There is a project file **benchmark/benchmark.py**, it contains a benchmark code that we want to run and measure the run time. 
I will show how we can do it with the Unix **time** command. The command needs to be run from the Unix command line:


```
$  time python -m benchmarks.benchmark
```

That is what I'm getting back:

```
real    0m0,096s
user    0m0,088s
sys     0m0,008s
```

Please note that your results may be different, because they depend on your computer configuration.

The interpretation of the results is as follows:

**real**: The actual time spent running the process from start to finish.

**user**: The cumulative time spent by all the central processing units (CPUs) during the direct computations.

**sys**: The cumulative time spent by all the CPUs during system-related tasks, such as memory allocation.

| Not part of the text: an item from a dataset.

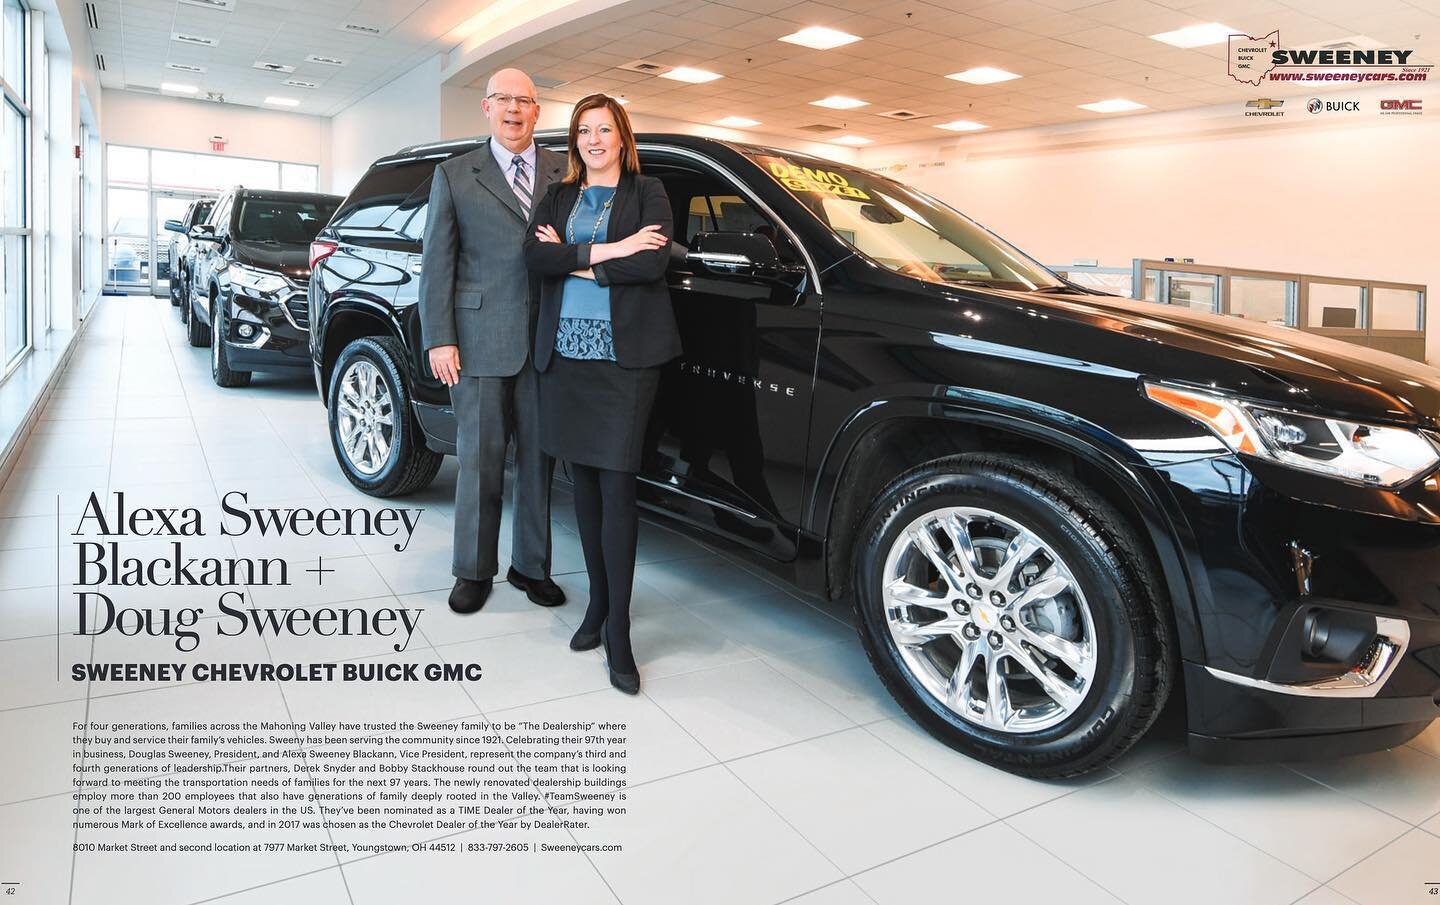 Congrats on 100 years @sweeneycars great to have you part of our ICONS publication! #iconsofyoungstown #teamsweeney #youngstownoh

### 1.5.2 Python **timeit** module

**timeit** module is used to measure the execution time of small snippents of Python code.

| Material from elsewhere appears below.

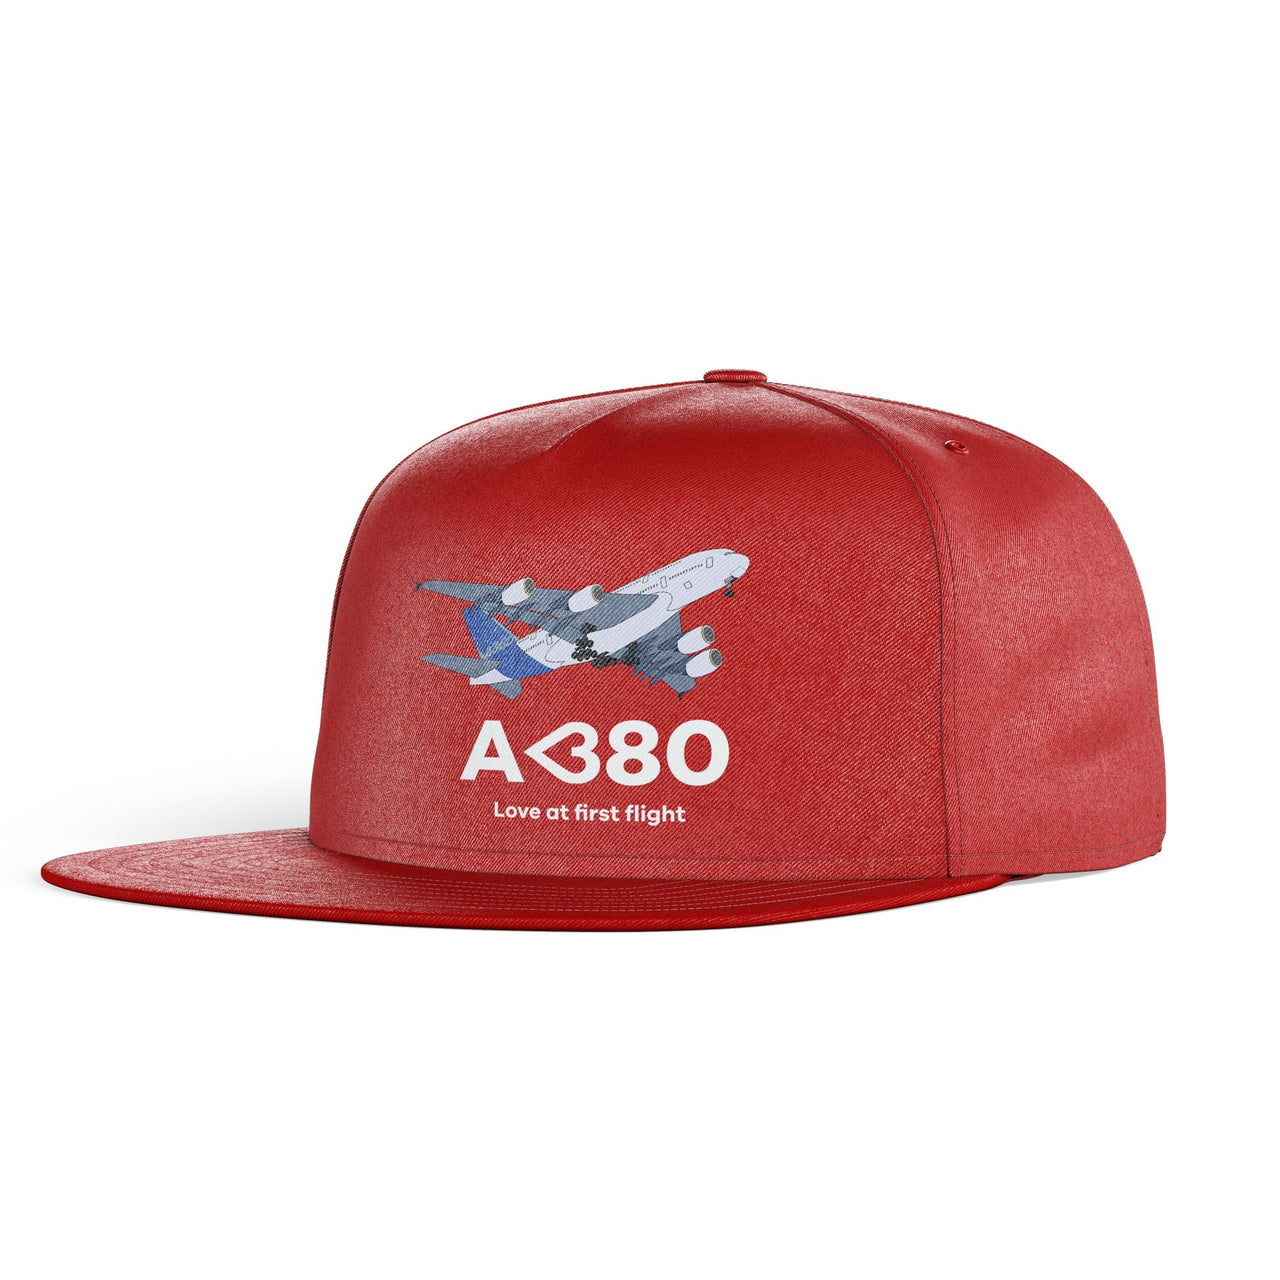 Airbus A380 Love at first flight Designed Snapback Caps & Hats

The **timeit** runs the snippet of code in a loop for *n* times and measures the execution time of n loops, then it repeats the same operation *r* times, then it chooses the quickest series of n loops, and calculates the average loop runtime.

I will set *n* to 100 and *r* to 3. 

It is possible to use timeit from the command line, from the Jupyter Notebook (IPython), or as a part of the Python code. I will explain and demonstrate all the methods measuring the run time of the function called **run_benchmark()**. This function creates creates a ParticleSimulator object with one hundred Particle objects, and then moves the particles using the .evolve() method, the evolution time step is equal to 0.1.

Please note that the best option is to run the timeit from the command line, the execution from the command line is a whole way faster than the execution from the Jupyter Notebook. 

#### Example 1: Using **timeit** from the command line

```
$ python -m timeit -s "from benchmarks.benchmark import run_benchmark" -n 100 -r 3 
```

On my machine I got the following result:

```
100 loops, best of 3: 7.22 nsec per loop
```

Essentially the the **timeit** command runs the function 100 times and measures the runtime of all 100 runtimes, then it repeats the process 3 times. The best (the quickest) series of 100 runs is chosen, and based on this series, the average function runtime is evaluated.

#### Example 2: Using **timeit** from Jupyter Notebook (IPython environment)

IPython is a Python shell that improves the interactivity of Python interpreter. IPython accepts *magic commands* - the statements that start with % symbol. The **timeit** can be invoked as a magic command.

In [1]:
# Timing the run_benchmark() execution time using timeit and IPython magic commands

from benchmarks.benchmark import run_benchmark

%timeit -n 100 -r 3 run_benchmark()

36.9 ms ± 216 µs per loop (mean ± std. dev. of 3 runs, 100 loops each)


#### Example 3: Using **timeit** from the Python code

In [5]:
# Timing the run_benchmark() using timeit and Python

import timeit

n = 100
r = 3

result = timeit.repeat("run_benchmark()", setup="from benchmarks.benchmark import run_benchmark", number=n, repeat=r)

print("Result:\n", result)

Result:
 [3.8569349130002593, 3.785130720000325, 3.818997477999801]


The results received from the Python code are in a slightly different form, but they are still comparable to the results received using the magic command in the **Example 2**. (In both cases the code was executed from the same environment - the Jupyter Notebook.)

The result shows execution time of three series of 100 loops. Let's derive the average loop runtime, the way the **timeit** does it.
In order to do so, we need to select the best series of 100 loops, and then we have to calculate the average loop runtime dividing the time by the number of loops in the series. 

#### Please pay attention how much faster was the execution when running the timeit from the command line

#### Check the calculations and compare the results with the results received in the previous example.

In [7]:
# Single loop execution time

function_avg_runtime = min(result) / n
print(f"Function average runtime: {function_avg_runtime * 1000} ms.")

Function average runtime: 37.85130720000325 ms.


## Exercise 1:

Re-run the **Example 1**, the **Example 2**, and the **Example 3** on your own machine, and update the notebook on your machine with your own results.